The Rijckholt flint has been distributed  to the adjacent areas, like the western part of  The Netherlands, The German regions Baden- Württemberg  and Nedersachsen. Imported from other regions are the pointed blades. They are made of tertiary flint  possibly from the French Romigny-Lhéry (near  Reims)(Allard 2005, Bostyn 1992).In Belgium, contemporary mining took place at Spiennes, but for the South Limburg region only the Belgian  flint sources directly at the Maas- river were important ( St. Pietersberg ! and St. Pietersberg 2 Visé Caestert / Visé -Lanaye-Heyoul) and the flint mines of Rullen. Lousberg flint mainly was exported to the sandy region of Middle -Limburg, for example the ax of  Born-Buchten.
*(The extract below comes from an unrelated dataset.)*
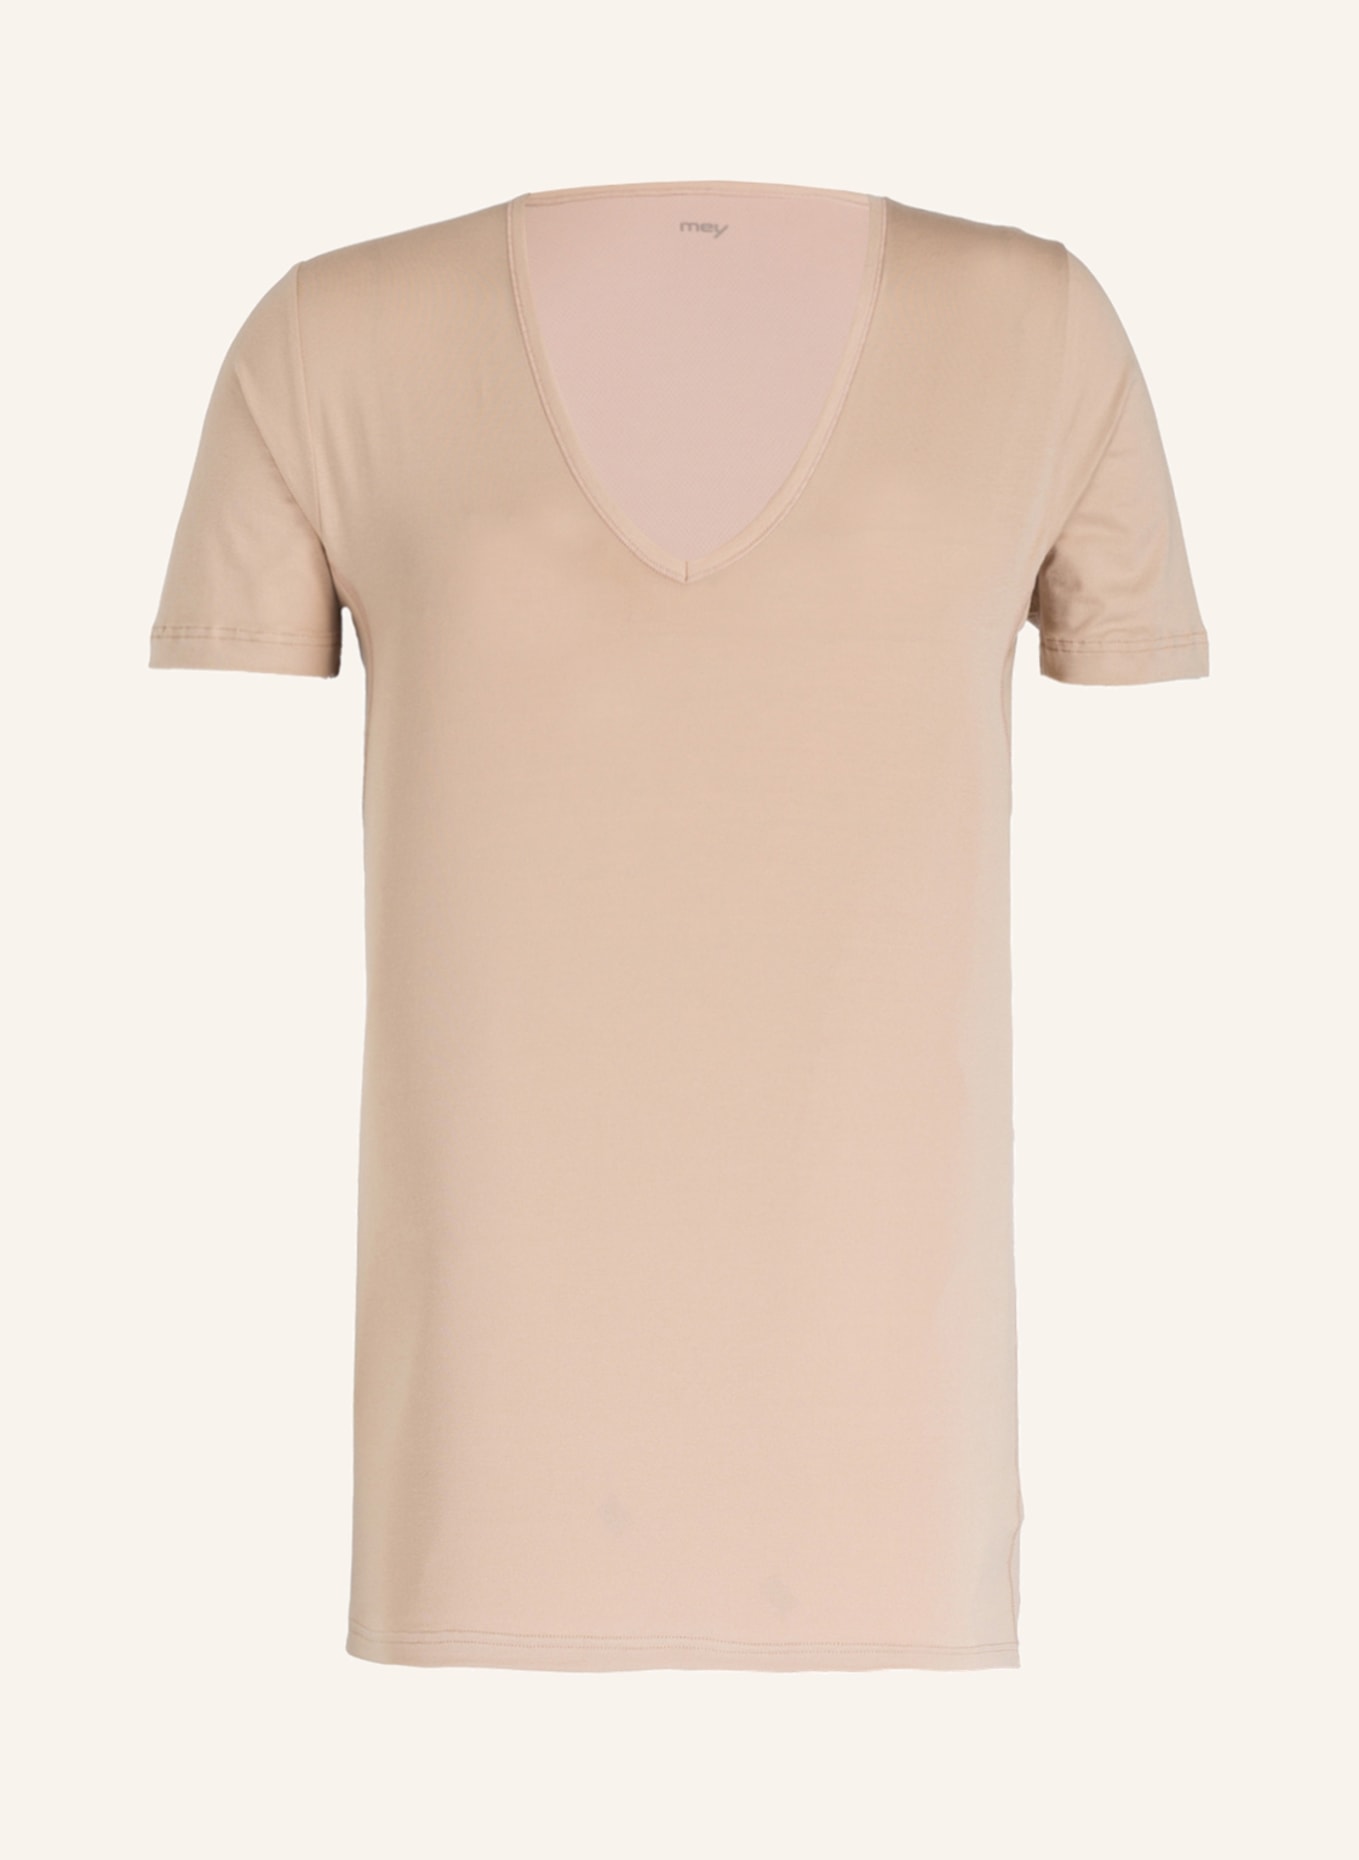 mey V-Shirt Serie DRY COTTON Slim Fit, Farbe: NUDE (Bild 1)

Middle  Neolithic B   Stein-group /S .O.M. Culture (3450- 2600 BC) 
The Stein Group ( name of this group given by Kooijmans)  exhibits very clear similarities with the Seine-Oise-Marne culture and Gord group in France , and has distinctive  similarities with contemporary groups from Belgium and Germany . Between the Late Michelsberg MK5 and the early Stein Group period is a hiatus. Maybe there is a connection with the Hazendonk 3 groups, because  some finds in Limburg have been attributed tothis group (  Amkreutz & Verhart 2006).

In this period, (Middle Neolithic B -Late Neolithic A),  the flint mines were further used as raw material supply for the tools. Formerly ( ca. 5000 - 3500 BC )  the flint mines were used in open air, providing a less quality flint. The Flint Mine Complex of Ryckholt  for example has been used between 3500 BC and 2600 BC, corresponding the whole period of the Stein- group .The human skull, found in the mine has an estimated age of 5000 BP. would have belonged to the period of the first underground miners (ca 3000 BC). In Beek, a grave tomb  belonging to the Stein- group has been found, dated to ca 3000 BC, where the cremated remains of 30 persons were established.
The Stein -group tool types are best known from excavations like at Stein, Ittervoort, Maastricht-Randwyck, etc. .

For images (drawings) of flint tools from the Stein Group , found in Noord Brabant, see Een Middenneolithisch nederzettingsterrein en een kuil van de Stein – Groep op de voormalige Kraaienberg bij Linden, GemeenteBeers (N-Br.) PDF page 84-87. In the tool spectrum we find projectile points, flake scrapers, blade scrapers, bifacially retouched flakes,  burins, axes, pointed blades ( Spitzklingen), made of flint from Rijckholt, Rullen,Orsabch , Belgian grey, Valkenburg and from fluvial flint from the Meuse river. This indicates all well known flint sources were used simultaneously during this period. Tools made of basanite, quartzite, quartzite- sandstones, Revinian-quartzite and quartz. Quartz is preferred for the production of tools ( Kooijmans, Verhart 2007).
Typical points for this culture are the winged points with surface retouch.The Stein group is a simultaneously living southern counterpart of the Vlaardingen Culture in the northern and western parts of The Netherlands.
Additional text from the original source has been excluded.